» Exercise description
Give the whole listing below once more, exactly, without pictures.

» Recorded data
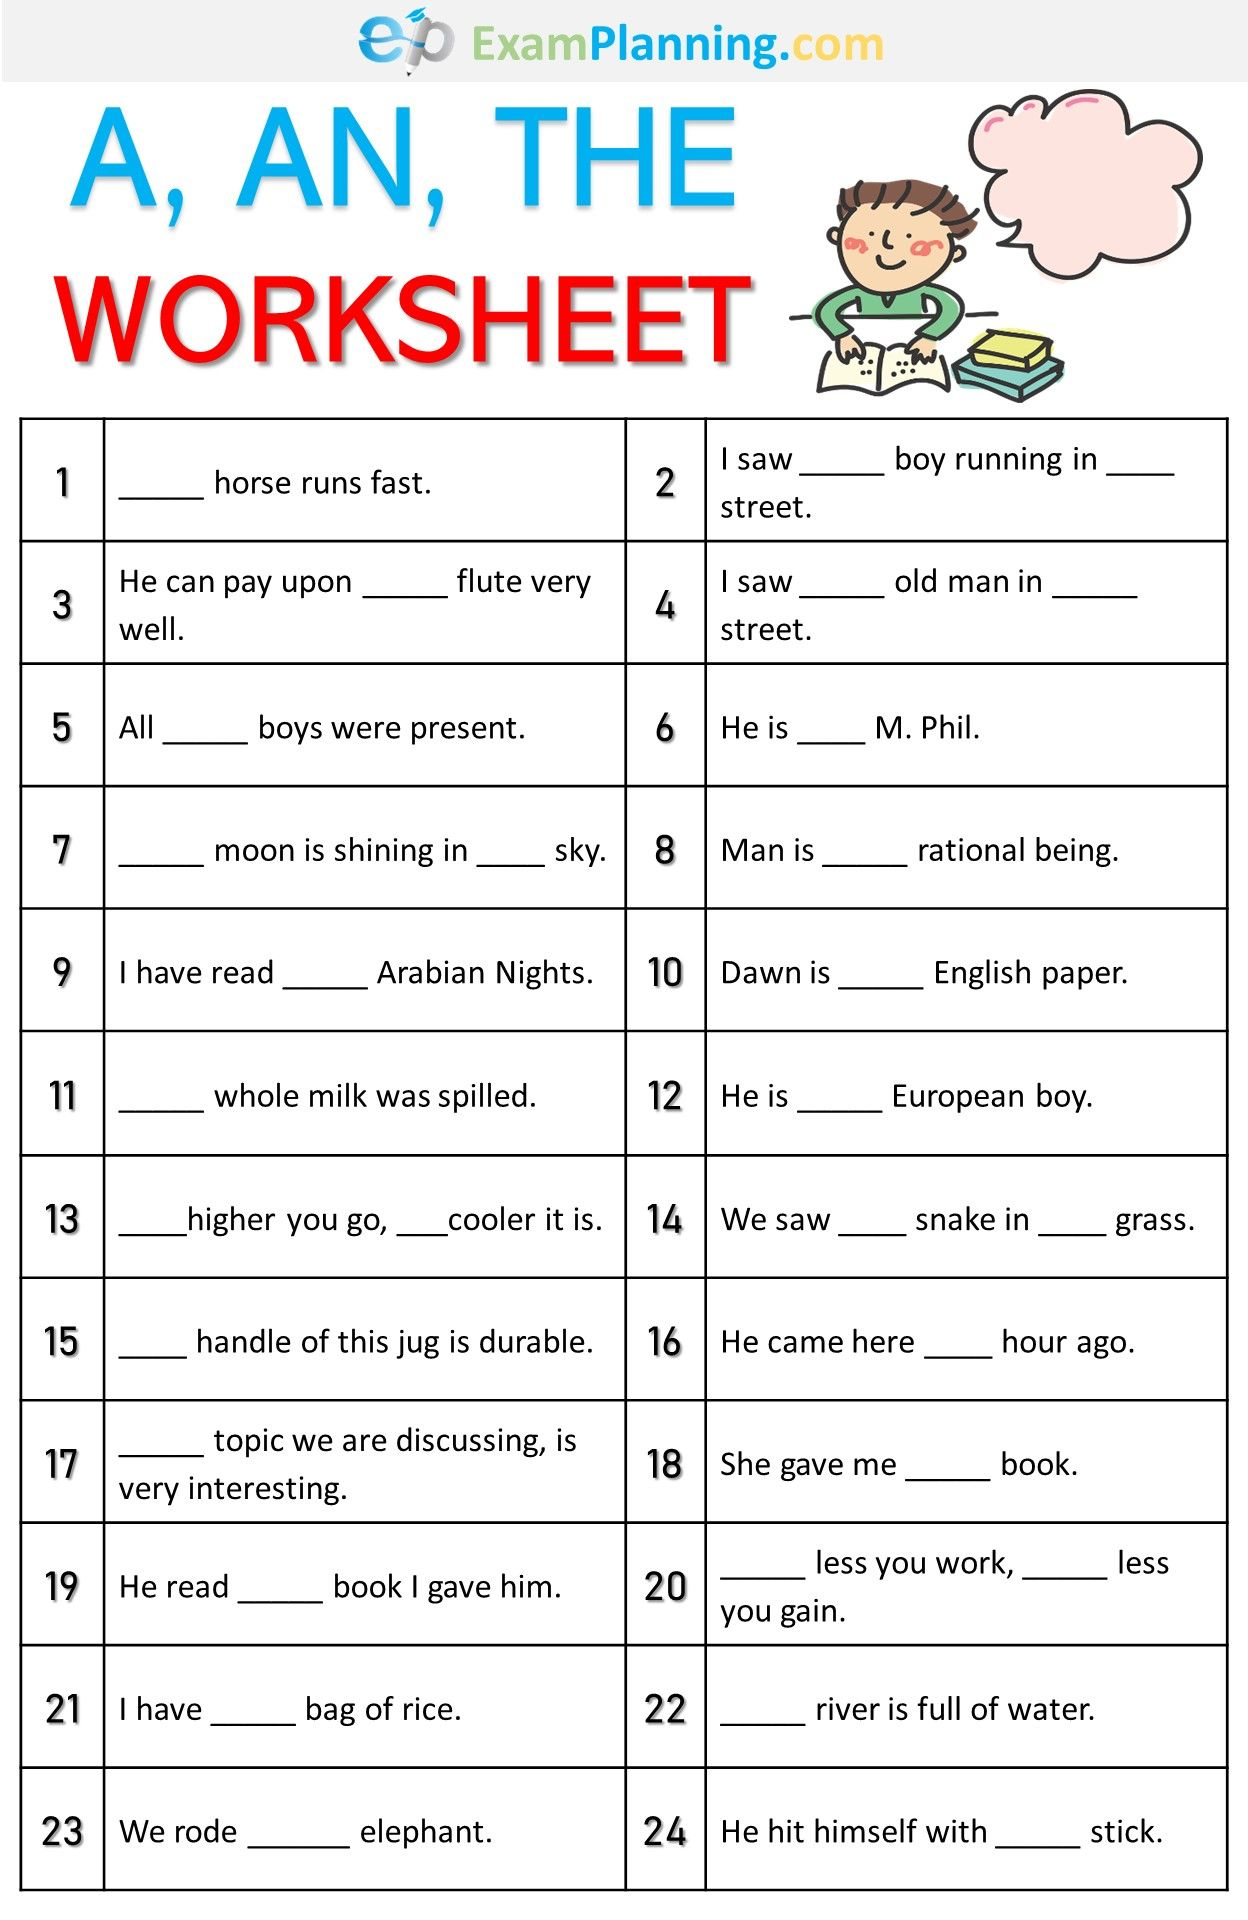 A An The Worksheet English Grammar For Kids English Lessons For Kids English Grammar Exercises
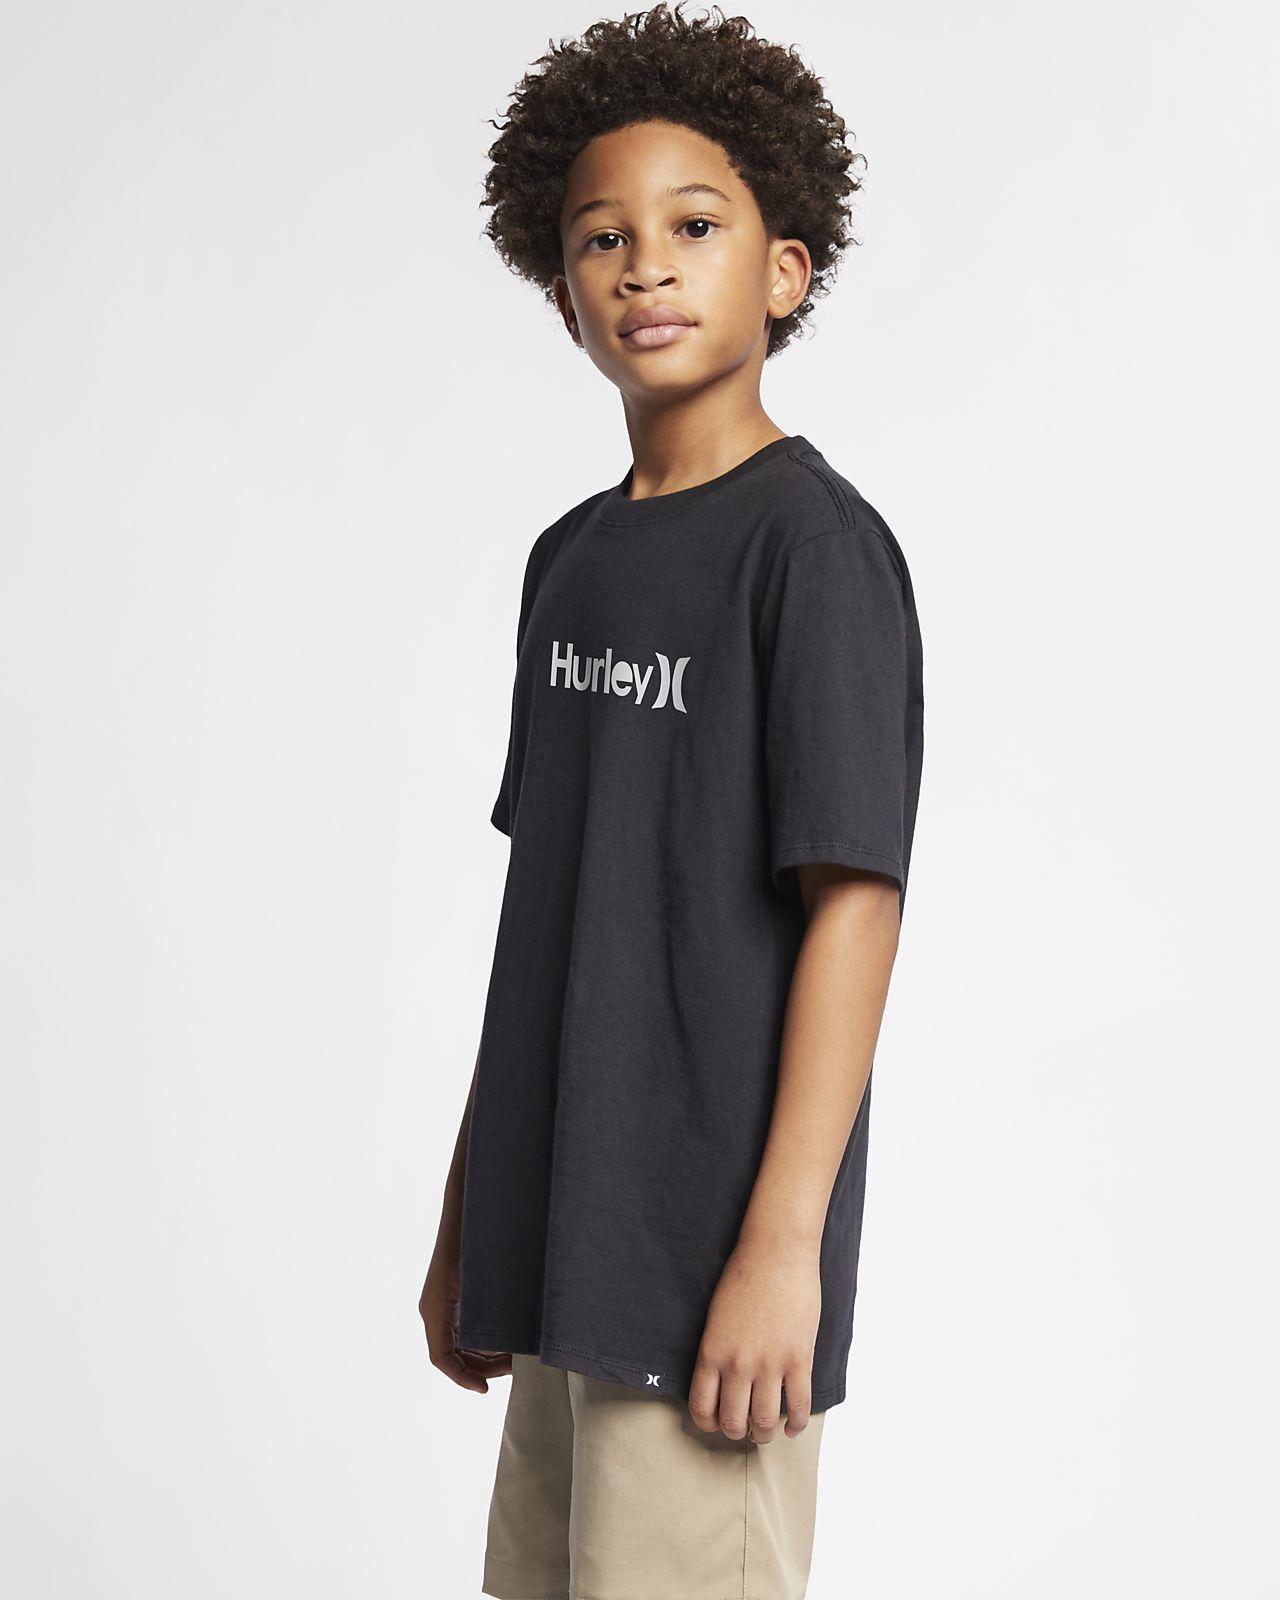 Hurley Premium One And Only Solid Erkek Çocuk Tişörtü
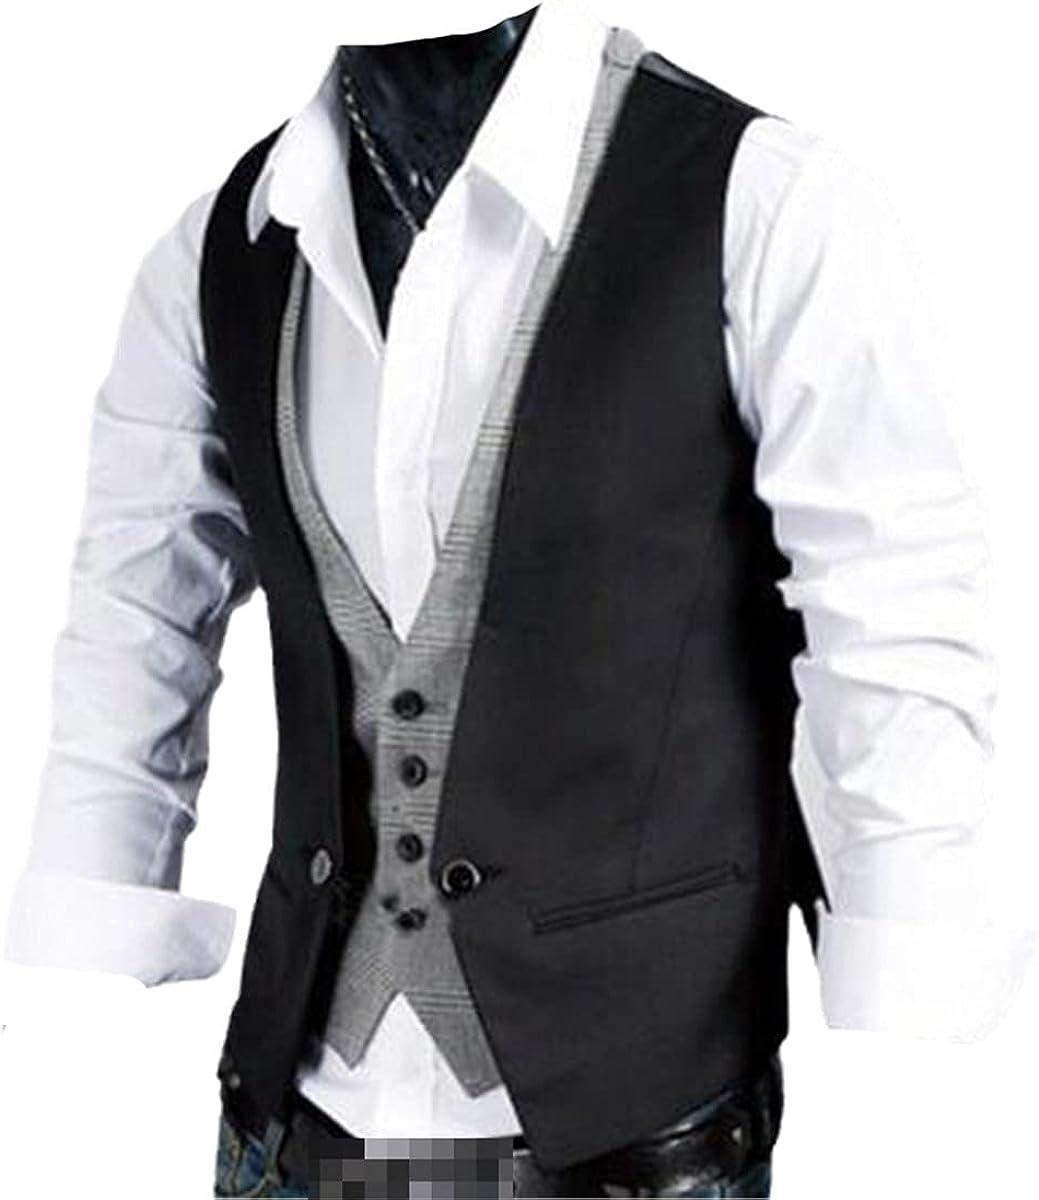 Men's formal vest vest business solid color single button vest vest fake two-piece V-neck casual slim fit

» Finished exercise
 A An The Worksheet English Grammar For Kids English Lessons For Kids English Grammar Exercises
 Hurley Premium One And Only Solid Erkek Çocuk Tişörtü
 Men's formal vest vest business solid color single button vest vest fake two-piece V-neck casual slim fit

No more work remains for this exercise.